So through the Jazz and Big Band eras we can see the mixture of (largely instrumental) original material from the musicians and the lyrics from professional writers that led to much of what is now regarded as The American Song Book.

There were other elements bubbling away under the surface. While mainstream white bread America tuned in to Tin Pan Alley there were people travelling the back blocks recording the blues, folk songs and other music that had its own market once people could afford to buy phonographs. Those elements came together with the emergence of Elvis Presley and the early rockers, although in practically no time the music industry had recruited the rebels and placed them firmly in the mainstream.

There was a message there for anyone who wanted to look. The music industry didn’t always know what people wanted to hear, and even music the industry rejected as too primitive for the mainstream could sell, provided there was someone willing to give audiences a chance to hear it.

Although it was almost entirely an English phenomenon, the emergence of Lonnie Donegan and the skiffle bands changed the direction of popular music, although not many people noticed at the time. The example of Elvis had would-be musicians racing out to buy guitars and the rough and ready nature of skiffle meant that you didn’t have to be very good to start playing in public.

Anyone wanting to understand why the Beatles revolutionized things when they shot to prominence in the early sixties need look no further than a generation of teenagers playing guitars in bedrooms, cellars and school dormitories in the years leading up to 1963. Most of what they were playing came from the early rockers or the old blues men who inspired Lonnie Donegan, but as they fooled around learning new chords some of them started stringing them together into tunes and adding words.

So the beat groups that sprouted in the wake of the Beatles weren’t the heirs of the skiffle boom, they were the kids of the skiffle boom grown up and developing their own repertoire, much of it at least partly road-tested in front of audiences that weren’t excessively critical because they weren’t expecting virtuoso performances.

There was, however, one problem that all these groups kept coming back to and that was the limited repertoire available to the groups of the day. While they could cover the early rockers and continue playing the folk-blues stuff that had come through in the skiffle era, they all needed new material that would be unfamiliar to their audiences.

One source for new material was the blues and R&B records that were starting to appear in British record shops, and were being brought into the country by sailors from merchant ships. While I’ve often wondered about how New Orleans R&B managed to grab a foothold in New Zealand I have a suspicion that it had something to do with an air base around Christchurch that was apparently a staging post for servicemen and other personnel in transit between the United States and Antarctica.

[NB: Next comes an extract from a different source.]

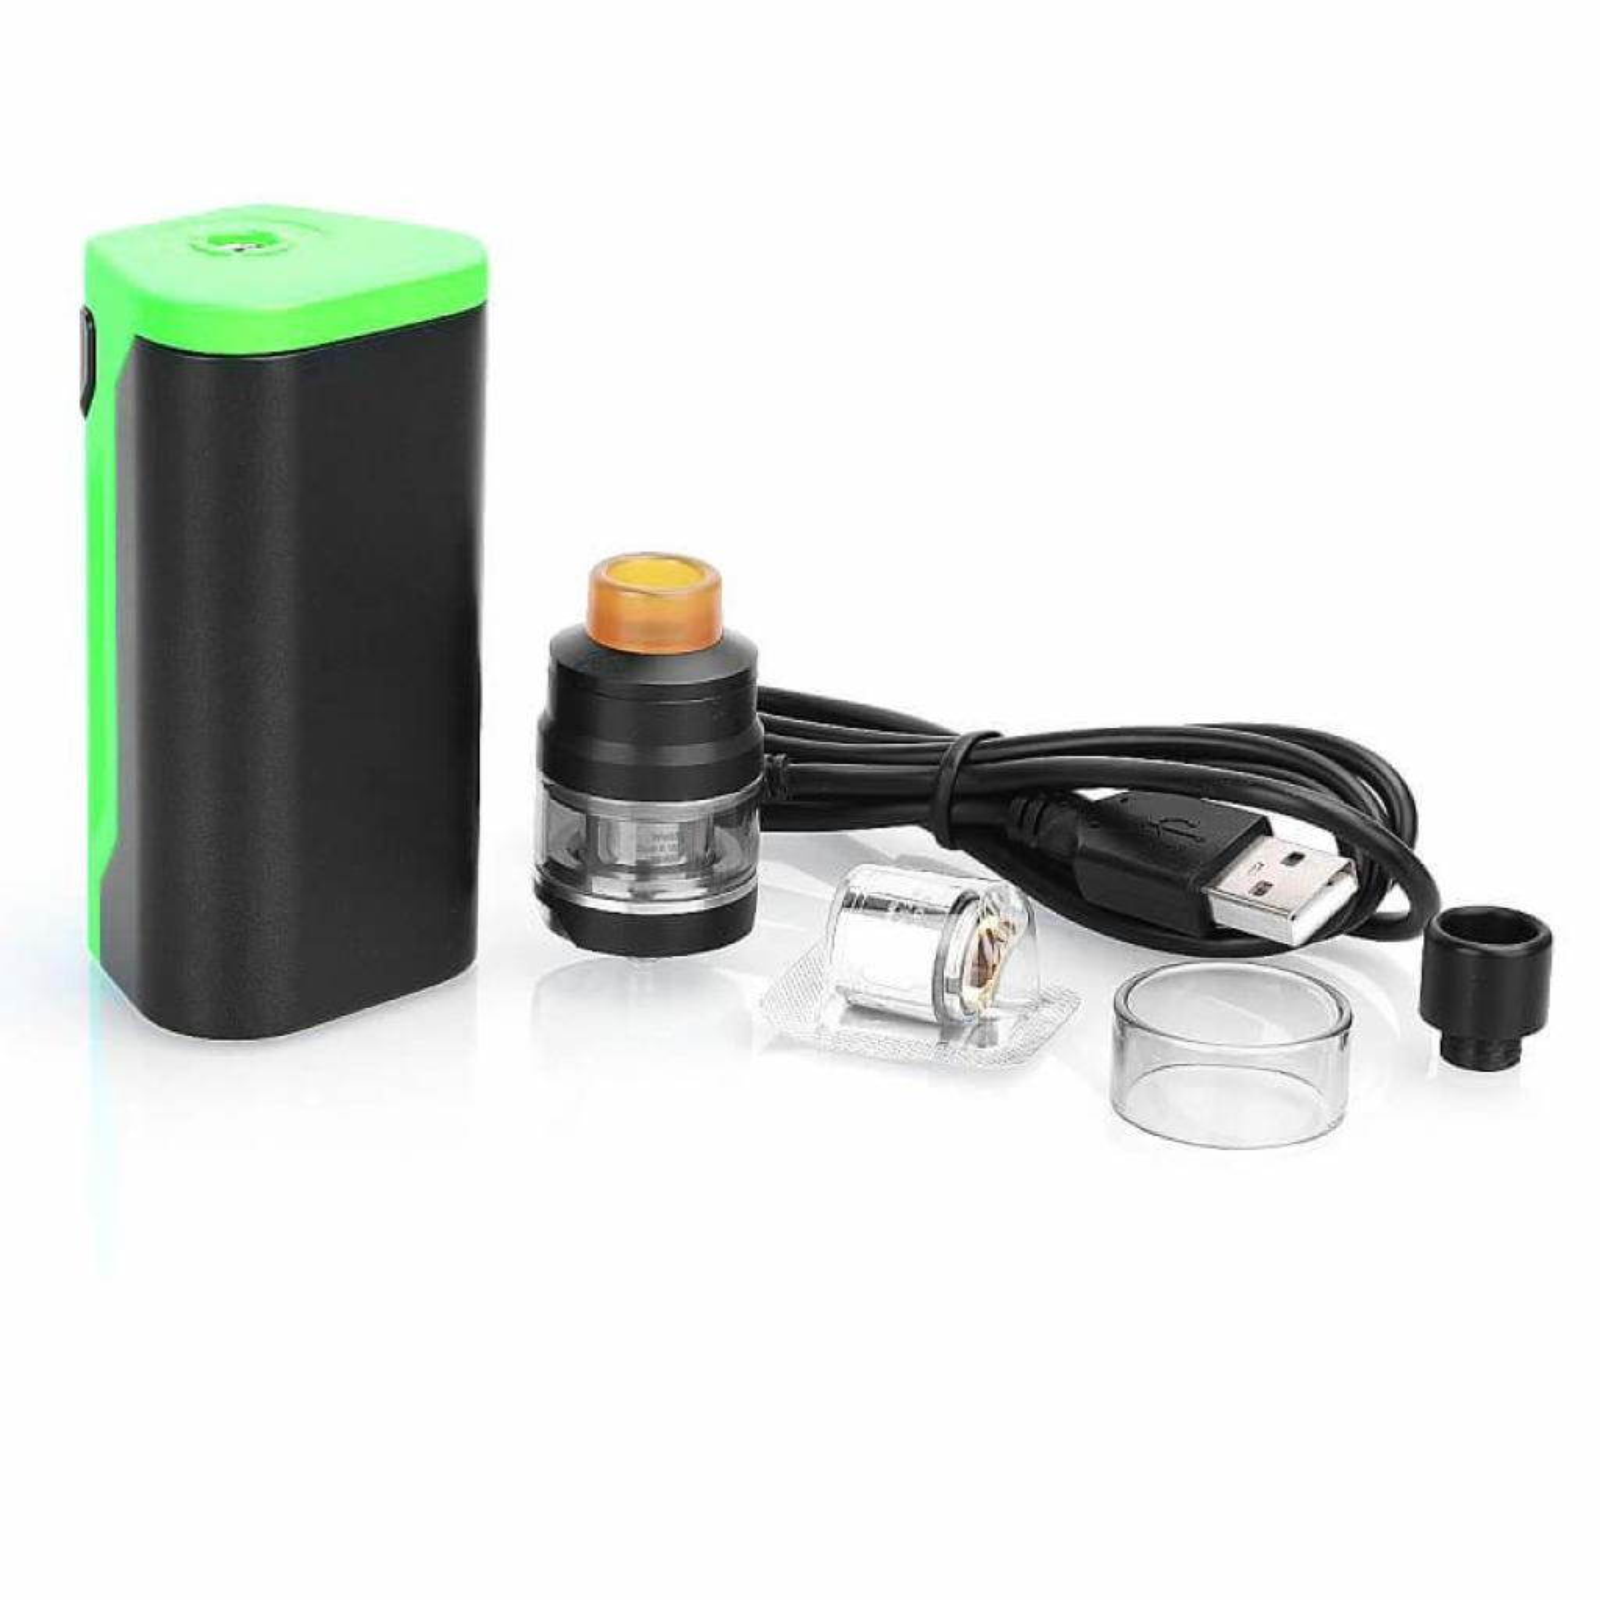 Стартовый набор Wismec Reuleaux RX2 20700 with Gnome Tank Kit Green (WISRX2KGR) изображение 5

Of course, if a band was going to cover material from those sources, there was a decided advantage if the singer sounded at least a little like the original performer. It can’t have been entirely coincidental that the early sixties saw the emergence of not just Mick Jagger, with his vocal mannerisms very heavily blues-based even if his voice didn’t quite have the same growl as a Howlin’ Wolf or the resonance of Muddy Waters, but also of Eric Burdon, Joe Cocker, Stevie Winwood and Steve Marriott,

For bands that did not have access to, or couldn’t afford imports there was another solution and that was to write your own material. If their earliest efforts might not have been all that brilliant as they found out what worked, the results improved fairly dramatically, particularly when they saw what their contemporaries and rivals were coming up with.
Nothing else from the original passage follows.